EnFuzion implements the concept of a user. All interactions with EnFuzion at run time are assigned an owner user ID. This owner assignment is used in accounting reports to identify the work done by a single user or to restrict user actions.
A user is identified by a string in the form <user>@<host_name>. By default, <user> is the account name of the user that is submitting the run and <host_name> is the host name of the computer where the submission is performed. <host_name> is usually the fully qualified domain name (FQDN) of the host. If the domain name is not set, but the host name is, it is equal to the host name. Otherwise, it is the IP address of the local host. If EnFuzion is unable to determine the default user ID string, a generic anonymous user ID is assigned as the run owner.
The default user ID string can be changed by the EnFuzion administrator through a configuration file on the EnFuzion root system.
An EnFuzion user ID is assigned to each run, when the run is submitted for execution. The user assignment cannot be changed later.
To enhance security and simplify usage, EnFuzion delegates the task of user identification to the operating system of the submit computer. When a user connects to EnFuzion for the first time, the user account name on the submit computer and the submit computer host and domain name are used to form a user identification string, which is sent to the Dispatcher on the root system. The EnFuzion user cannot influence the user assignment.
If the run is submitted through a command line, this user identification and assignment are done transparently to the EnFuzion user.
If the run is submitted through a web browser, then the EnFuzion user must perform a login. Otherwise, a generic anonymous user ID is assigned as the run owner. The user performs a login by using an identification file that was generated by the EnFuzion enfcmd command line utility.
An administrator can restrict actions that regular EnFuzion users can perform. By default, there are no restrictions and any EnFuzion user can perform any action.
Privilege enforcement is turned on by the administrator in a configuration file on the EnFuzion root system. This enforcement restricts actions of regular EnFuzion users. They can only add new runs and control runs that they own. They are not allowed to control the cluster by performing actions, such as removing a run owned by another user, adding and removing nodes, shutting down the cluster, and modifying cluster and node settings and properties.
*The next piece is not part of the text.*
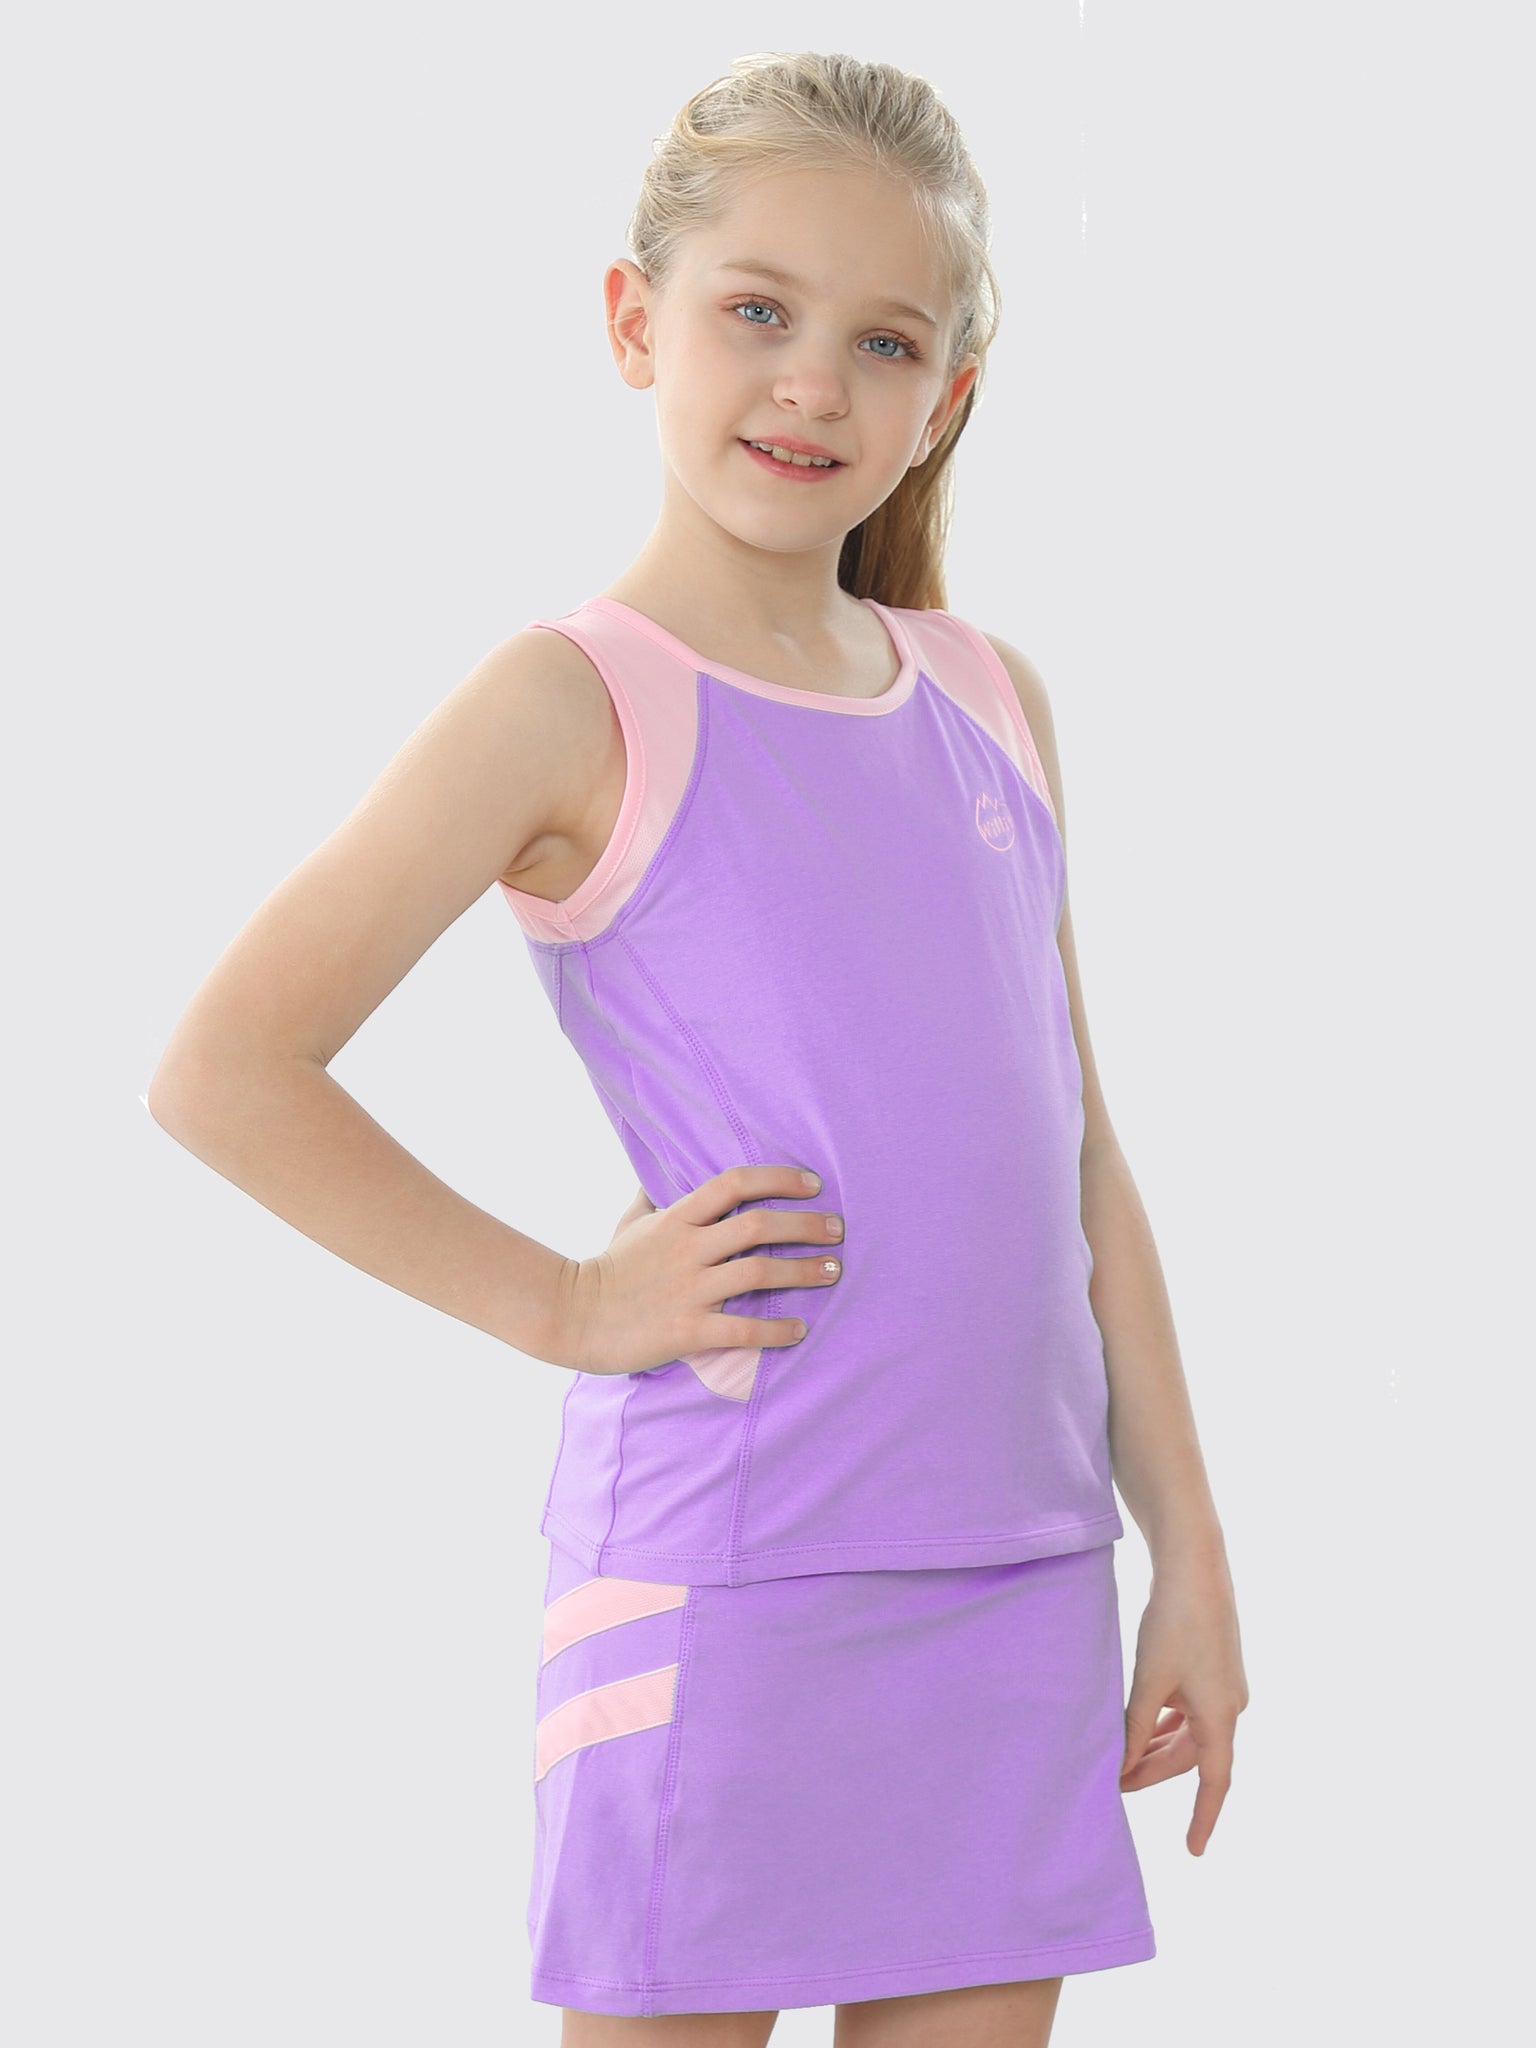 Willit Girls' Tennis Outfit_LightPurple_model3
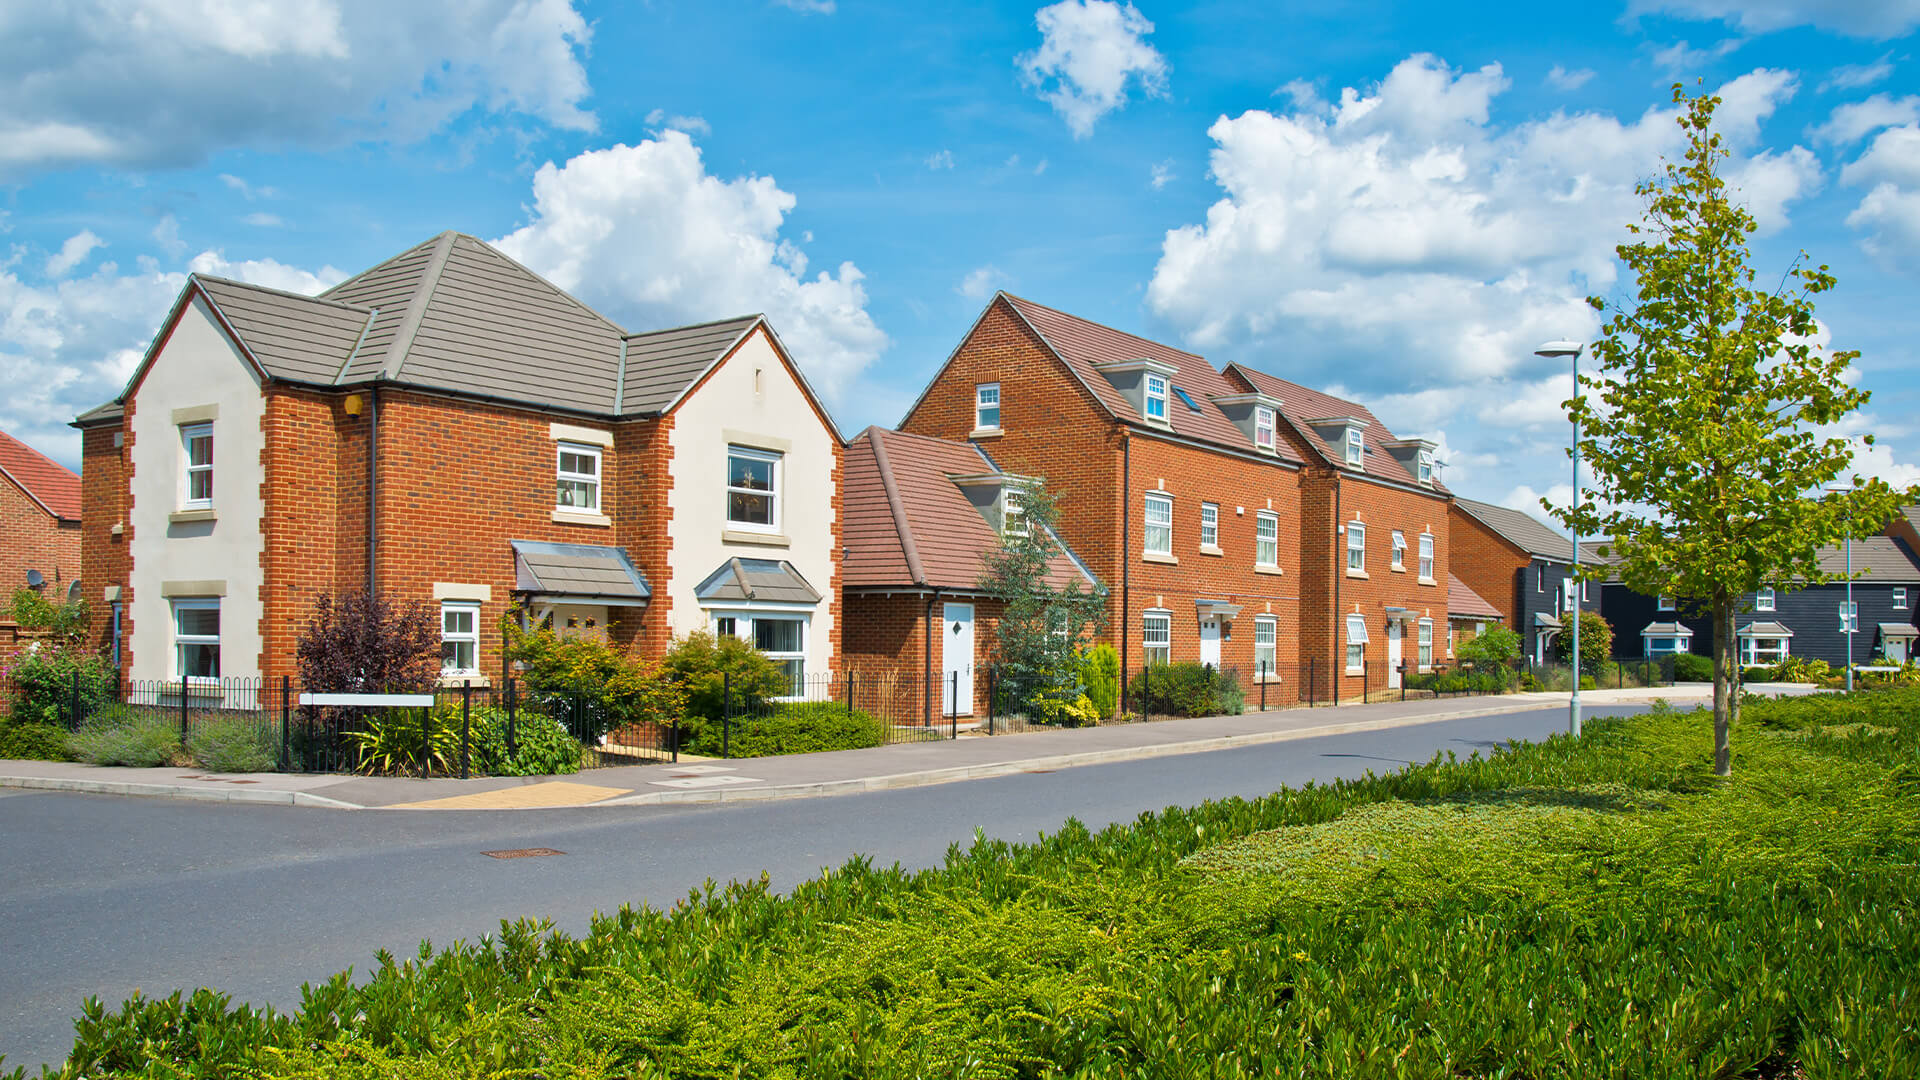 UK housing estate in the daytime

Even if the privilege enforcement is turned on, there are no restrictions on actions by the users that are identified as EnFuzion administrators. These users are enumerated in a configuration file on the EnFuzion root system.
EnFuzion users can be grouped by the administrator in order to report combined activities of related users. Users can be members of one or more user groups.
Groups are useful to generate combined activity reports for different departments or group projects.